Content starts

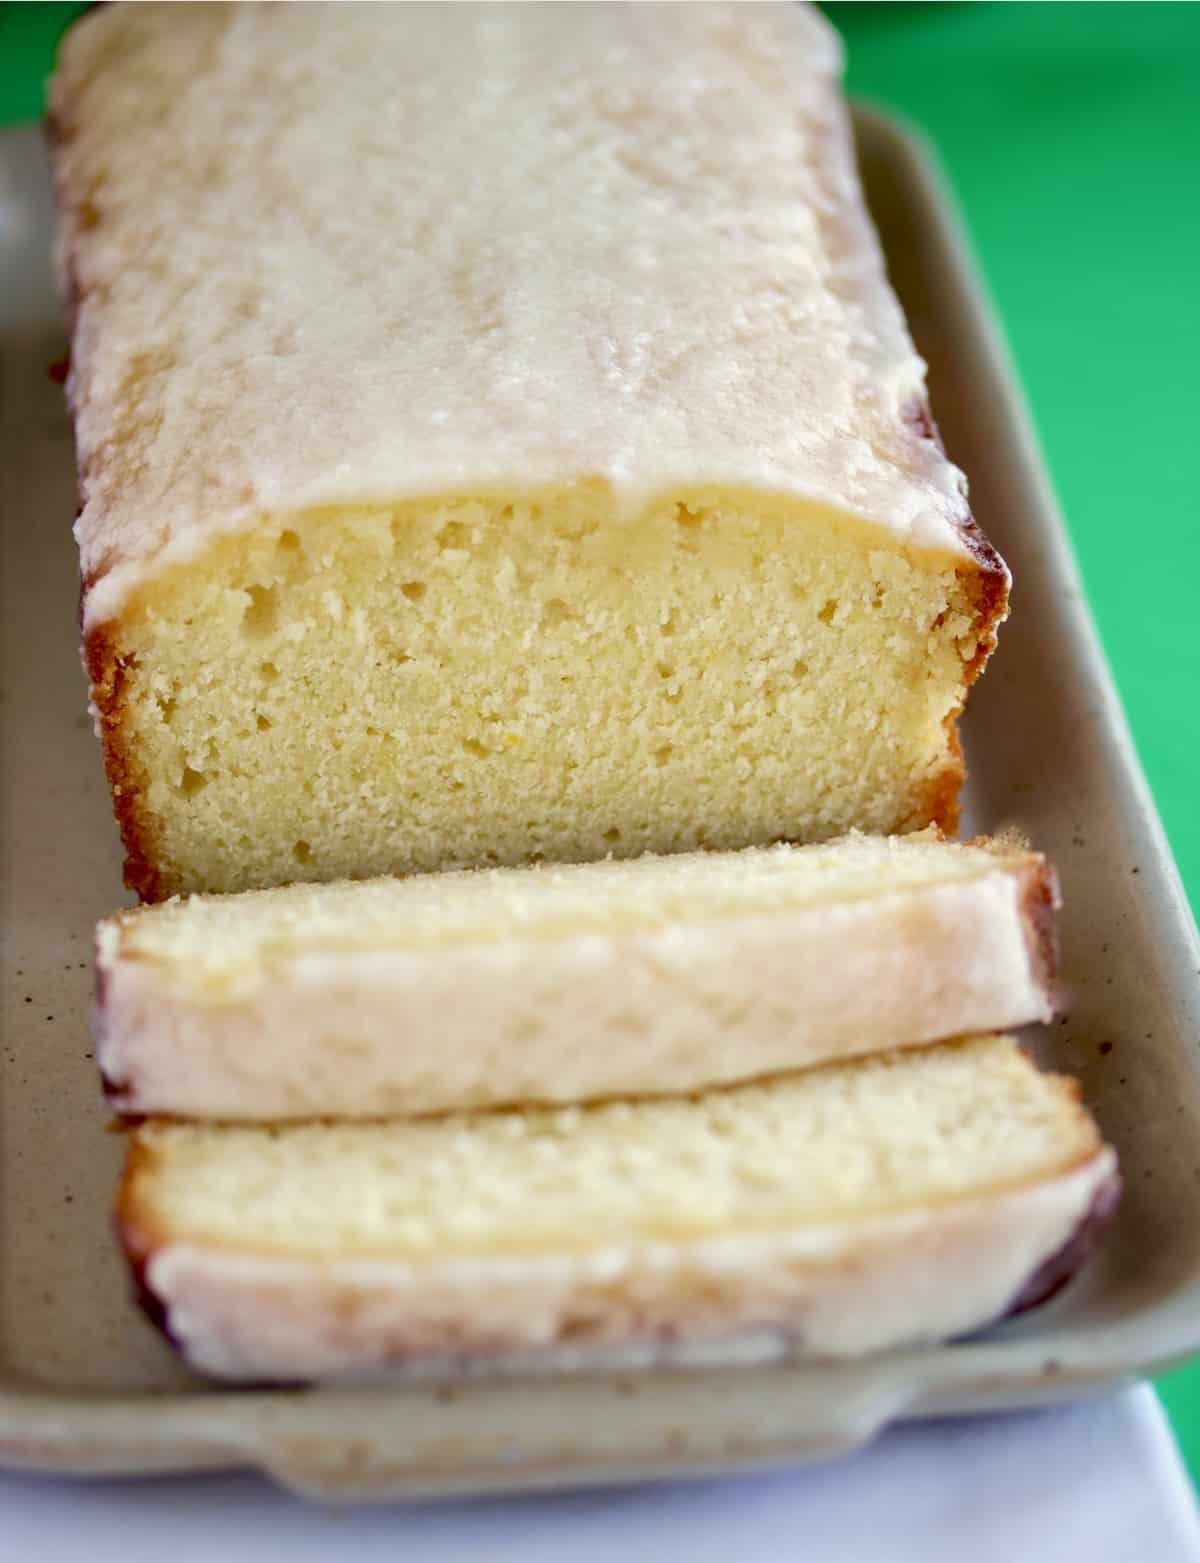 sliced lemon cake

Content ends
Content starts

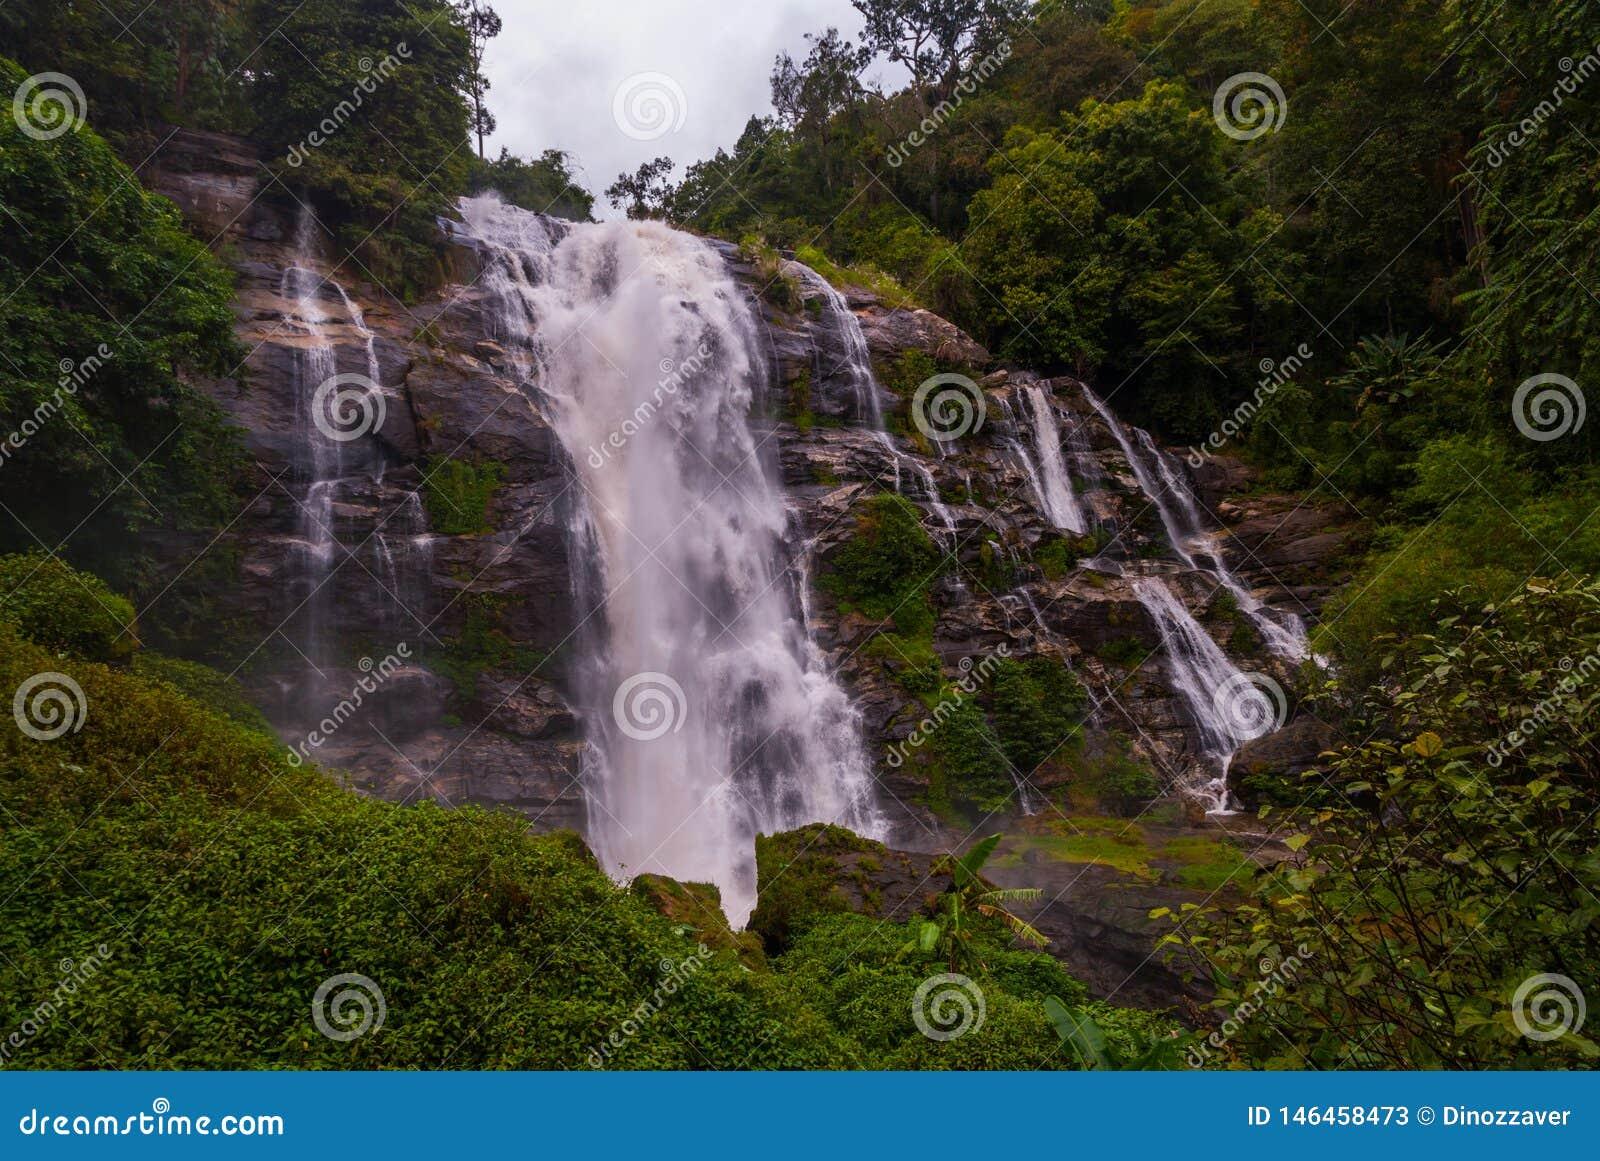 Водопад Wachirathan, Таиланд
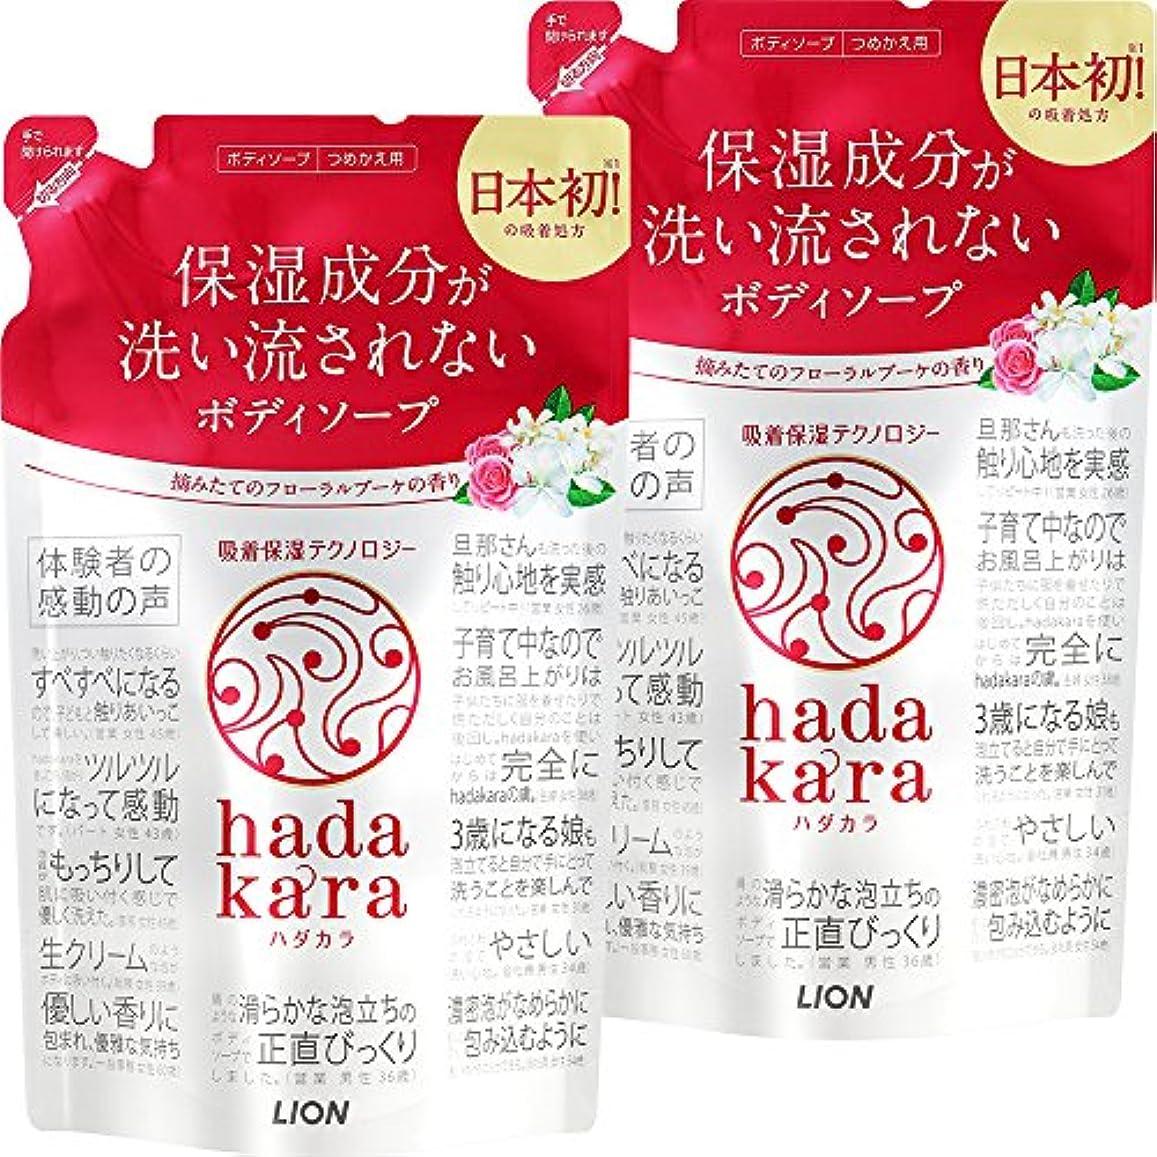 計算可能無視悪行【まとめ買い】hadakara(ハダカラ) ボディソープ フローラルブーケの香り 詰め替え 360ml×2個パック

Content ends

● EXERCISE OBJECTIVE: Would you restate, exactly and with no pictures, the lines of the entries above from the one containing "Водопад Wachirathan, Таиланд" through the one containing "計算可能無視悪行【まとめ買い】hadakara(ハダカラ) ボディソープ フローラルブーケの香り"?

● ANSWER FOR THE TASK:
 Водопад Wachirathan, Таиланд
 計算可能無視悪行【まとめ買い】hadakara(ハダカラ) ボディソープ フローラルブーケの香り 詰め替え 360ml×2個パック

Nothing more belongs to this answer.